05/01/2002 / Charles Modell

When a lawyer completes an offering circular for a new client, he should provide the client with a summary of the laws that regulate the sale of a franchise.  The letter would not be a comprehensive statement of the law, but a reference tool the franchisor can retain and distribute to those involved in the sales process.  Let’s explore the contents of that letter and see how they can be guides to new franchisors as well as their attorneys.


 Contents of the Compliance Letter


The Registration and Disclosure Laws


The letter should list all of the franchise registration states, and those in which the franchisor is registered.  It should also remind the franchisor that various state business opportunity laws (and in Nebraska, the Seller Assisted Marketing Plan Law) can also apply to the sale of the franchise.  The letter should list the states having these laws, and those in which the franchisor can sell franchises.  However, the decision that the franchisor can sell franchises in a business opportunity state frequently depends upon certain assumptions, such as the franchisor not offering to refund money to unhappy franchisees. 


These assumptions should be included in the letter so that the franchisor does not unwittingly run afoul of these laws.


The letter should remind the franchisor of the federal rule requiring a copy of the offering circular be given to a prospective franchisee at the first face-to-face meeting at which the sale of the franchise is discussed, and at least 10 business days before any money is paid by the franchisee, or the franchisee signs any contract.  The letter should explain what type of meetings count as a first meeting (probably not a trade show encounter, but likely a one-on-one follow-up meeting), how to count business days (Saturdays, Sundays and federal holidays are excluded even if the franchisor works on those days), and any state law nuances (such as the current Illinois law, which requires the document be held for 14 calendar days before signing).  The franchisor should be reminded to obtain signed and dated acknowledgments from prospective franchisees, confirming receipt of the offering circular.  Further, if there are any changes to the agreements, or if material blank spaces appear in the agreements, the prospective franchisee must have the final contract in his hands at least five business days before paying any money or signing any agreement.


Updating the Offering Circular


During the year, the franchisor will make changes in its system, and experience changes in its company.  The initial compliance letter should remind the franchisor about the state and federal requirements to update the offering circular as material changes occur.  The concept of materiality should be explained, since some of the laws require amendments when information changes that the franchisor itself may not consider material.  The letter should also contain a reminder of the requirements to annually update the document, including the federal requirements that mandate a new document within 90 days following the close of each fiscal year, and the state requirements that may be tied to the anniversary date of the initial registration.

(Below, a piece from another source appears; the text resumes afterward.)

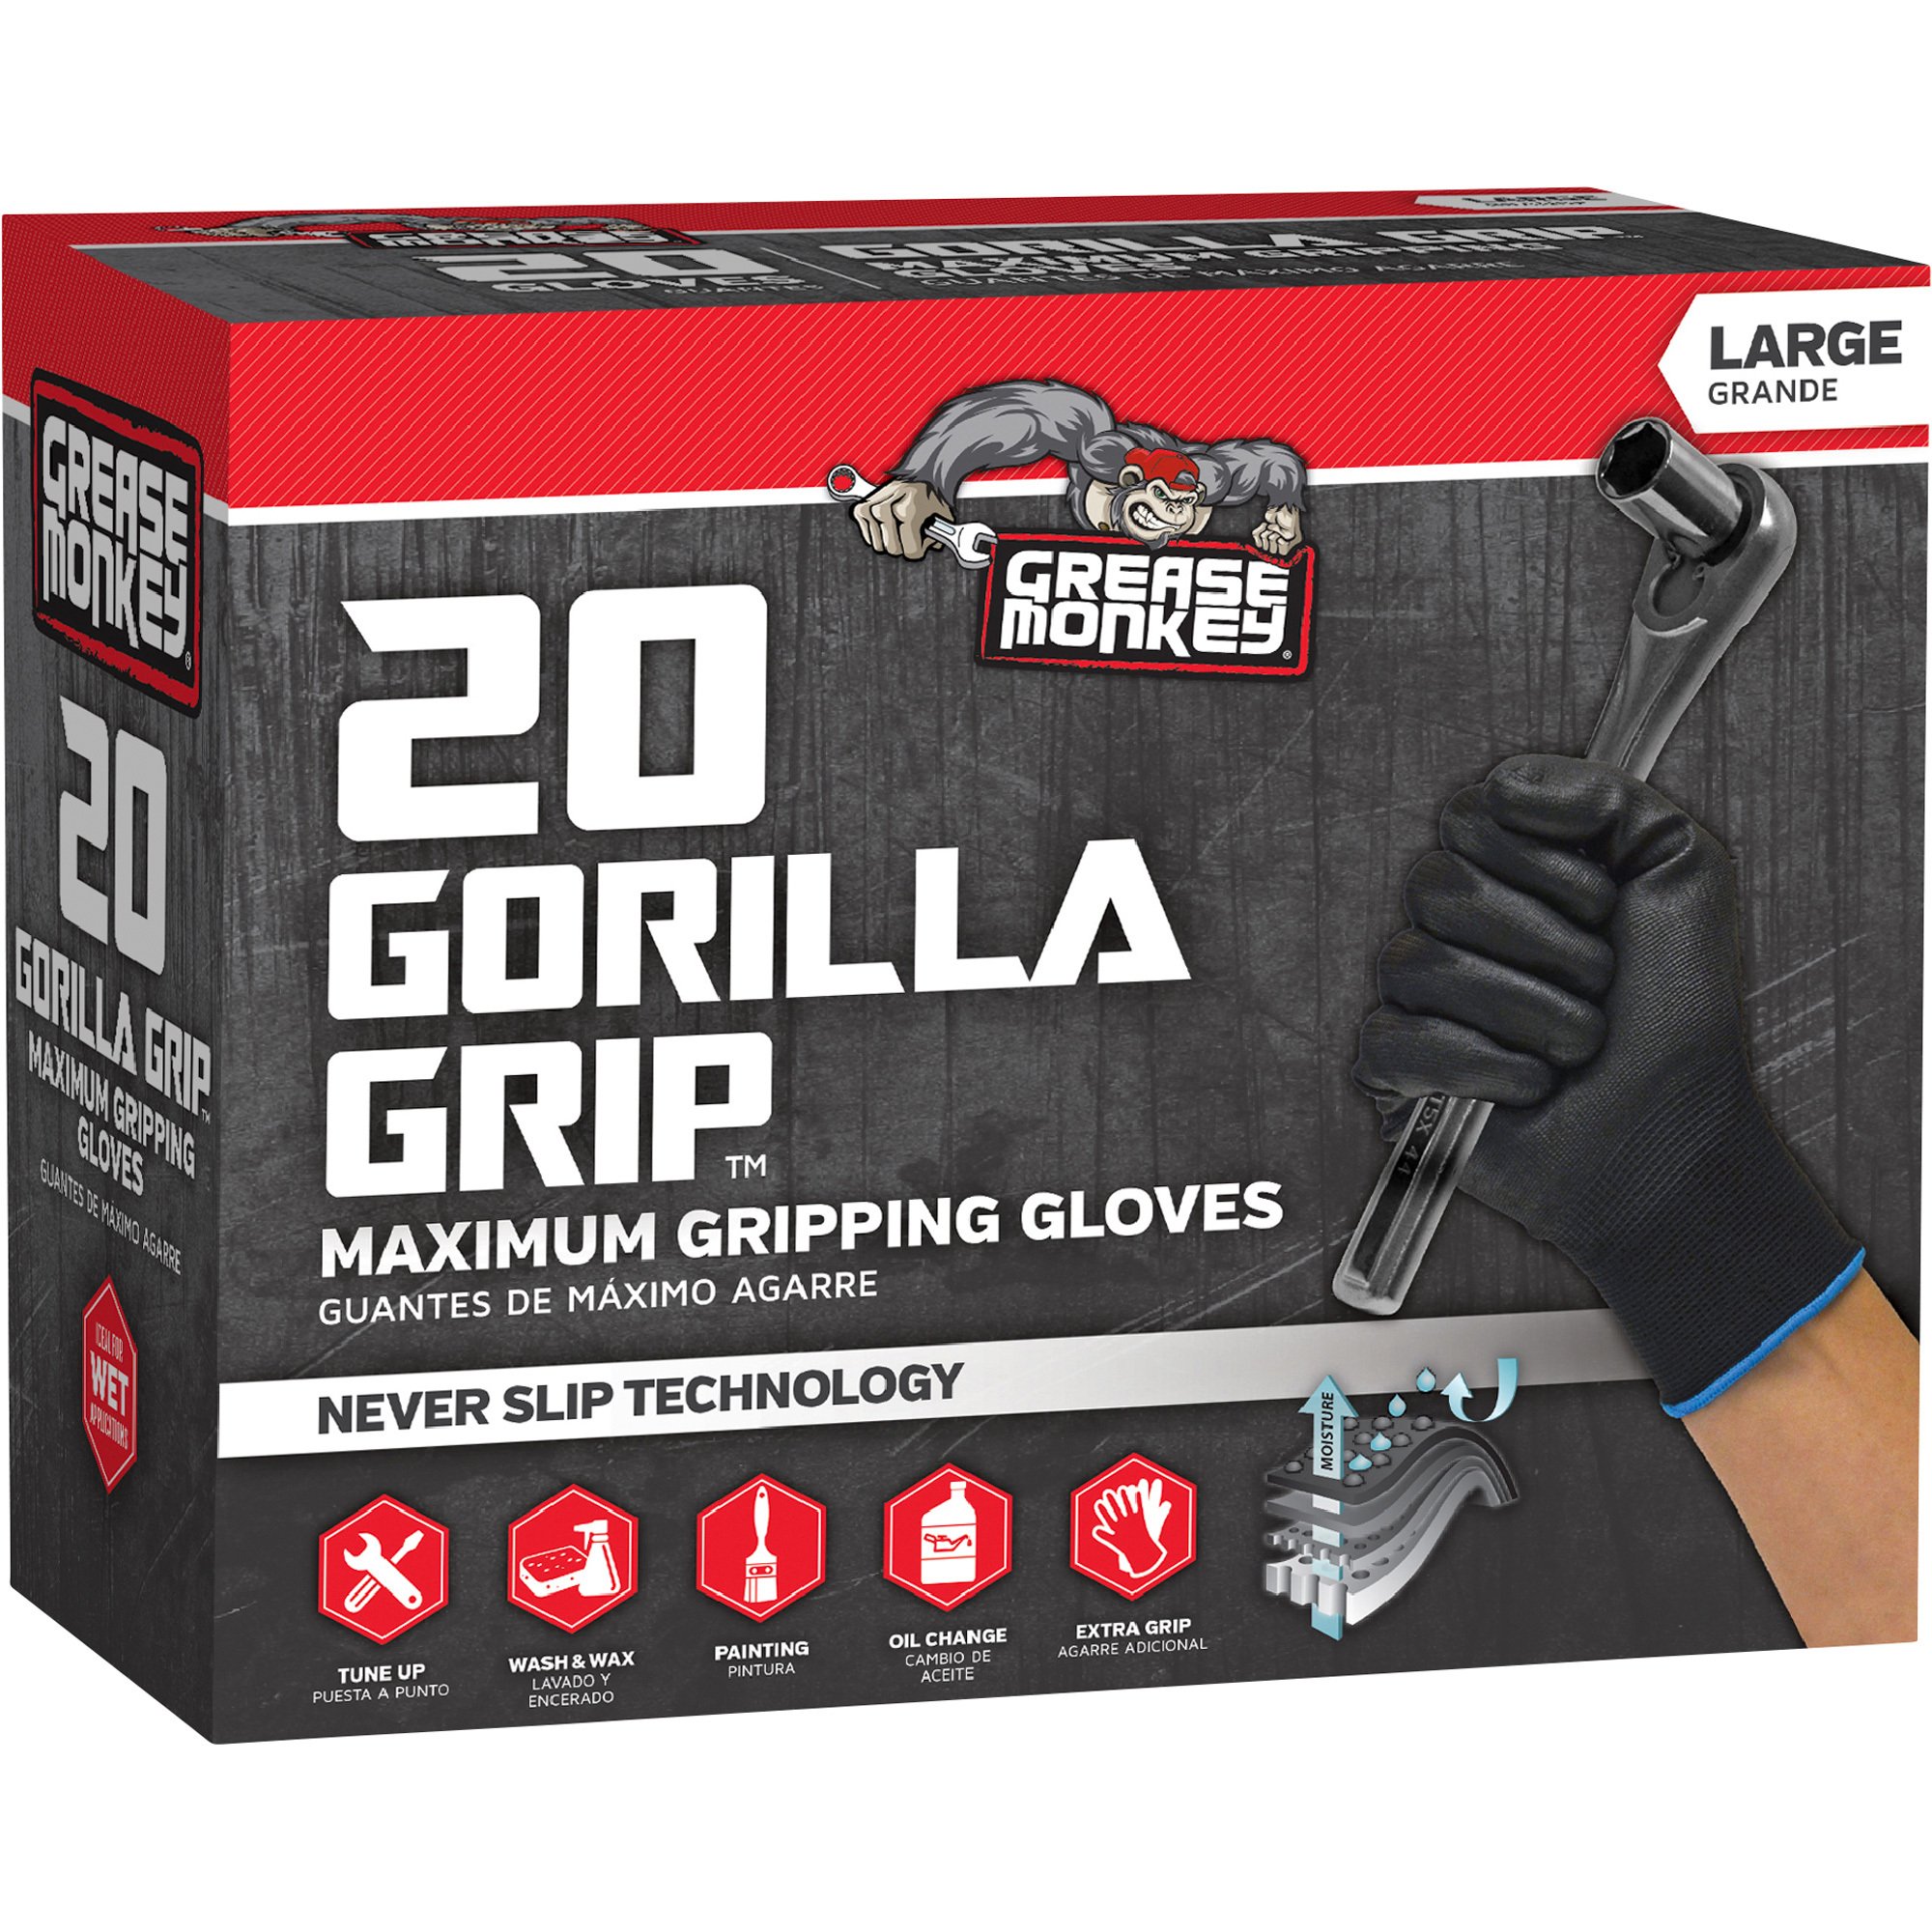 Grease Monkey Men's Gorilla Grip Never Slip Gloves - Large, Model

It is not unusual that after franchisors begin selling franchises, they develop brochures and advertisements they want to use in the sale of the franchise.  The compliance letter should remind the client that all these items are advertisements, and must be filed in a number of states before they are used.  There are also state pronouncements, some by statute and some by regulatory fiat, barring certain statements in advertising, like references to "success," or a "safe investment," and prohibiting "blind ads" and earnings claims.  New York and Minnesota also require additional information be included on the face of the advertising.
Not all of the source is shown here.